Exercise goal: Without the images, repeat every line of the listing verbatim.

Available data:
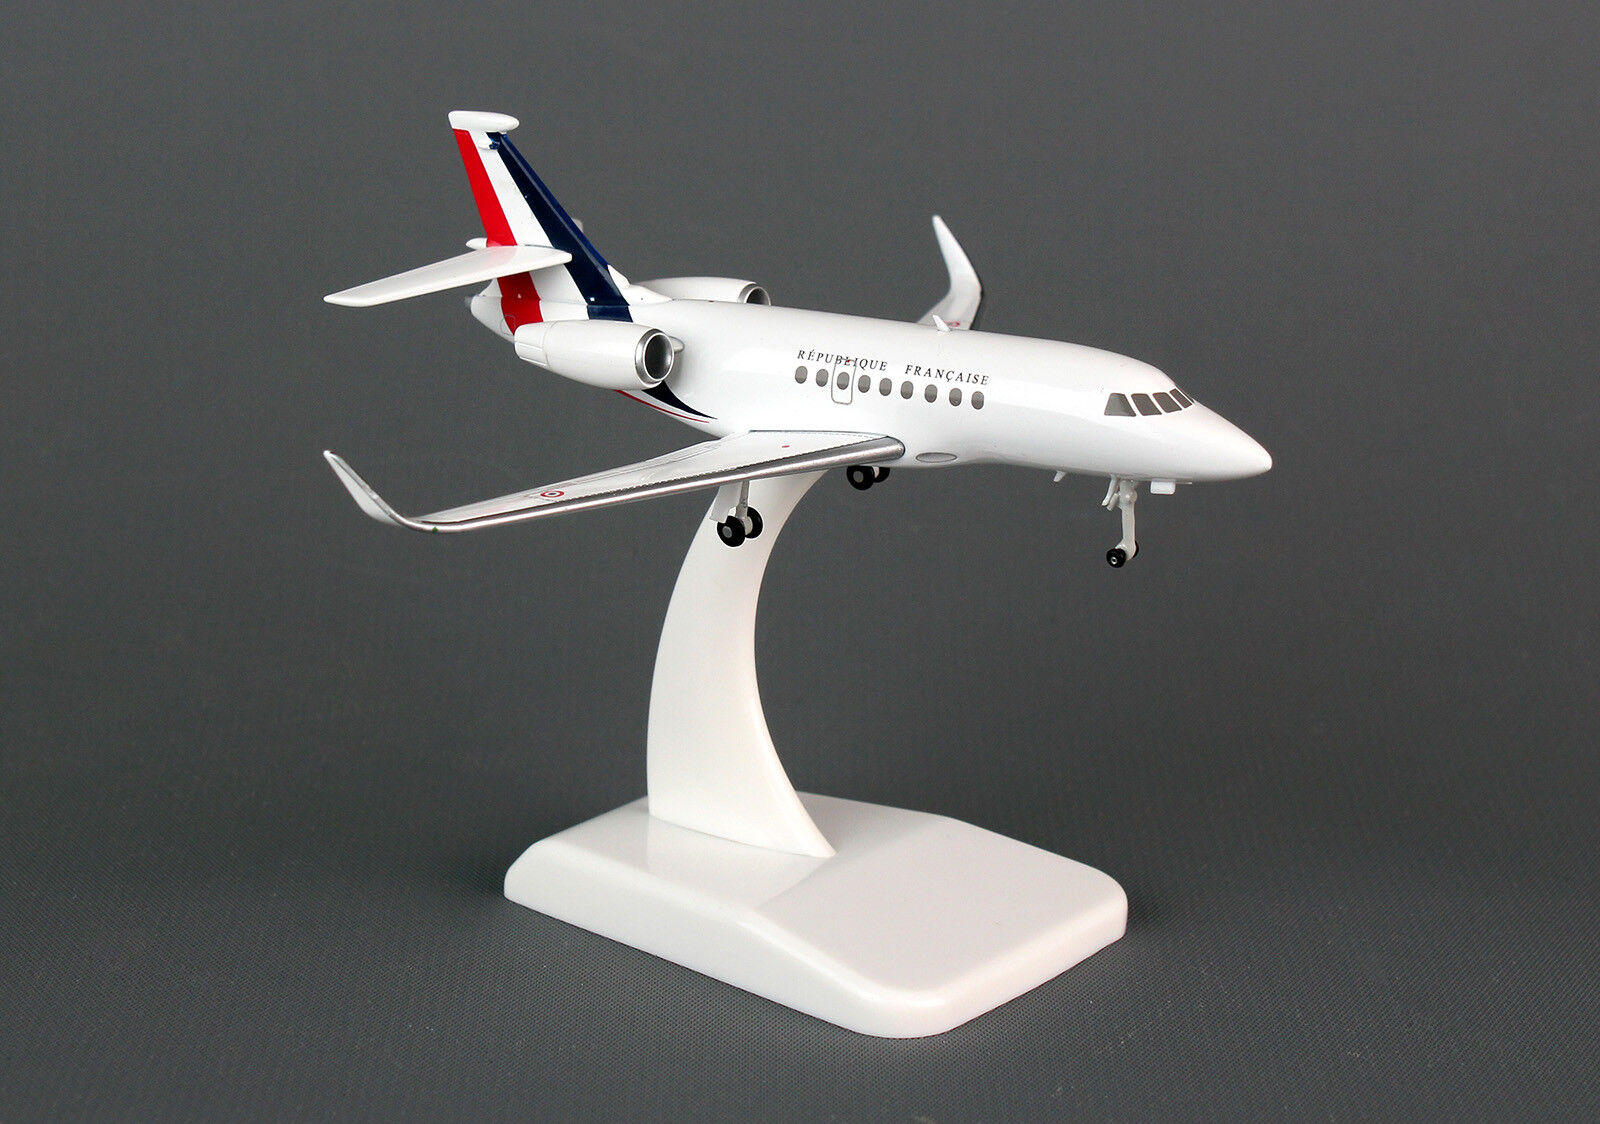 Hogan Wings French Air Force Dassault Falcon 2000 HG5842 1/200 Diecast. New
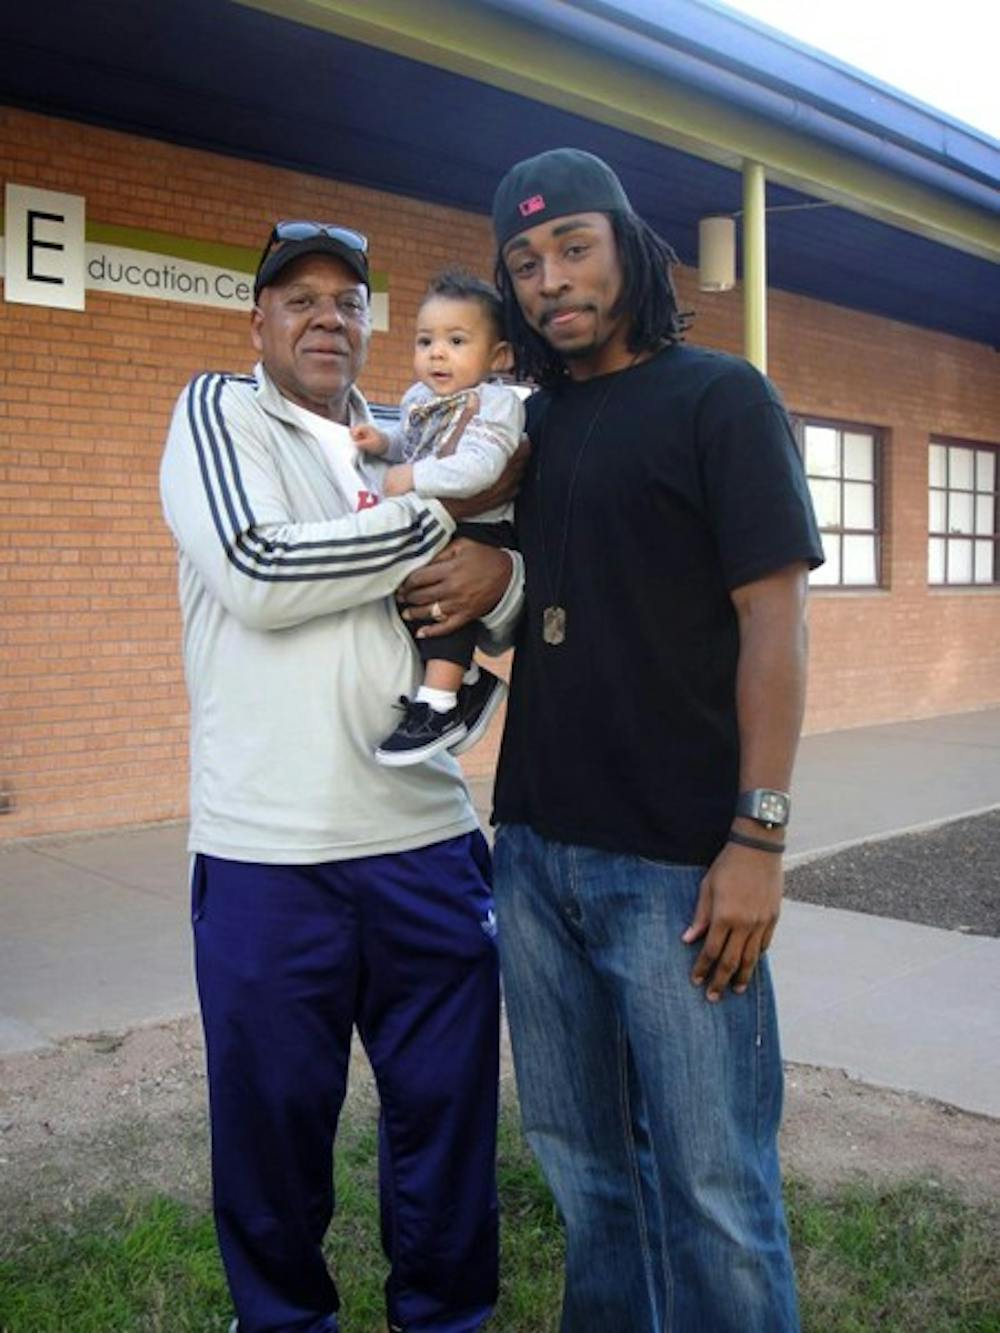 Tyrice Thompson (right) with his son Takai and his father Richard. Tyrice, a former ASU football player, died on Feb. 2 after being attacked while working as a bouncer at Martini Ranch in Scottsdale. (Photo Courtesy of Kathy Starr)
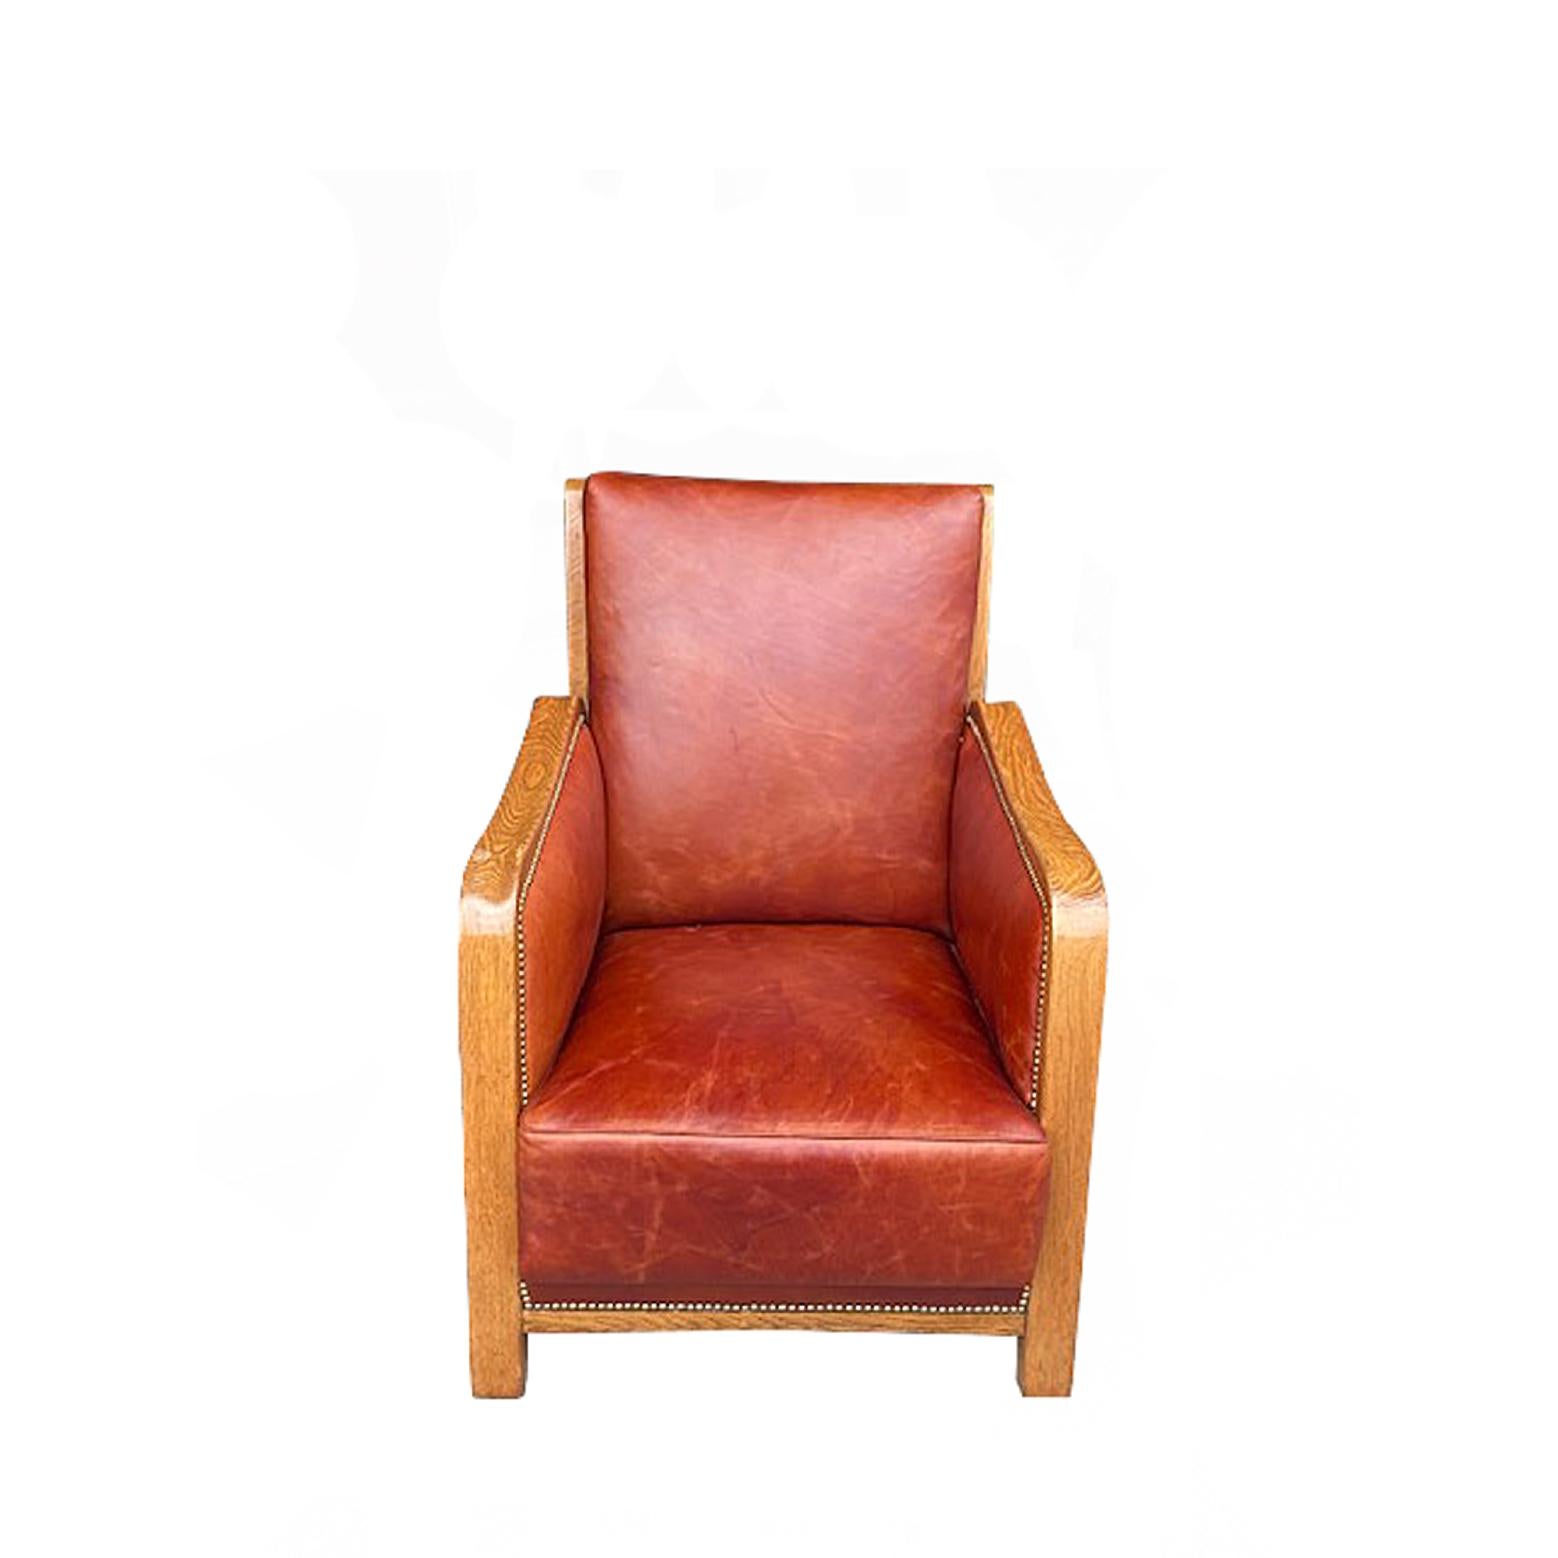 Mid-20th Century Rare Custom Chair by Frits Henningsen 1930's For Sale
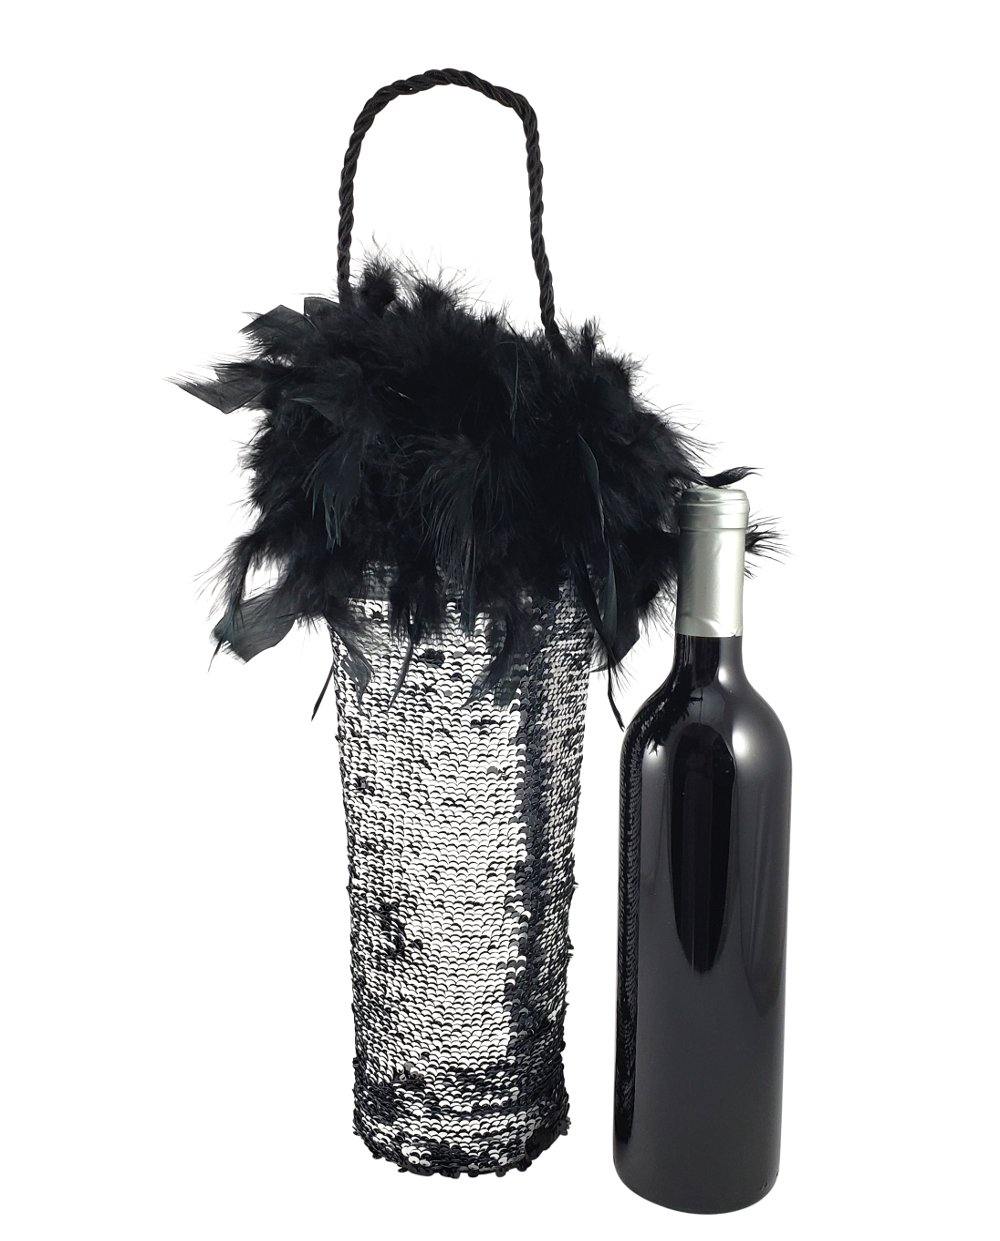 Silver Insulated Wine Bag by Tipsy Totes

Response below:
 Hogan Wings French Air Force Dassault Falcon 2000 HG5842 1/200 Diecast. New
 Tyrice Thompson (right) with his son Takai and his father Richard. Tyrice, a former ASU football player, died on Feb. 2 after being attacked while working as a bouncer at Martini Ranch in Scottsdale. (Photo Courtesy of Kathy Starr)
 Mid-20th Century Rare Custom Chair by Frits Henningsen 1930's For Sale
 Silver Insulated Wine Bag by Tipsy Totes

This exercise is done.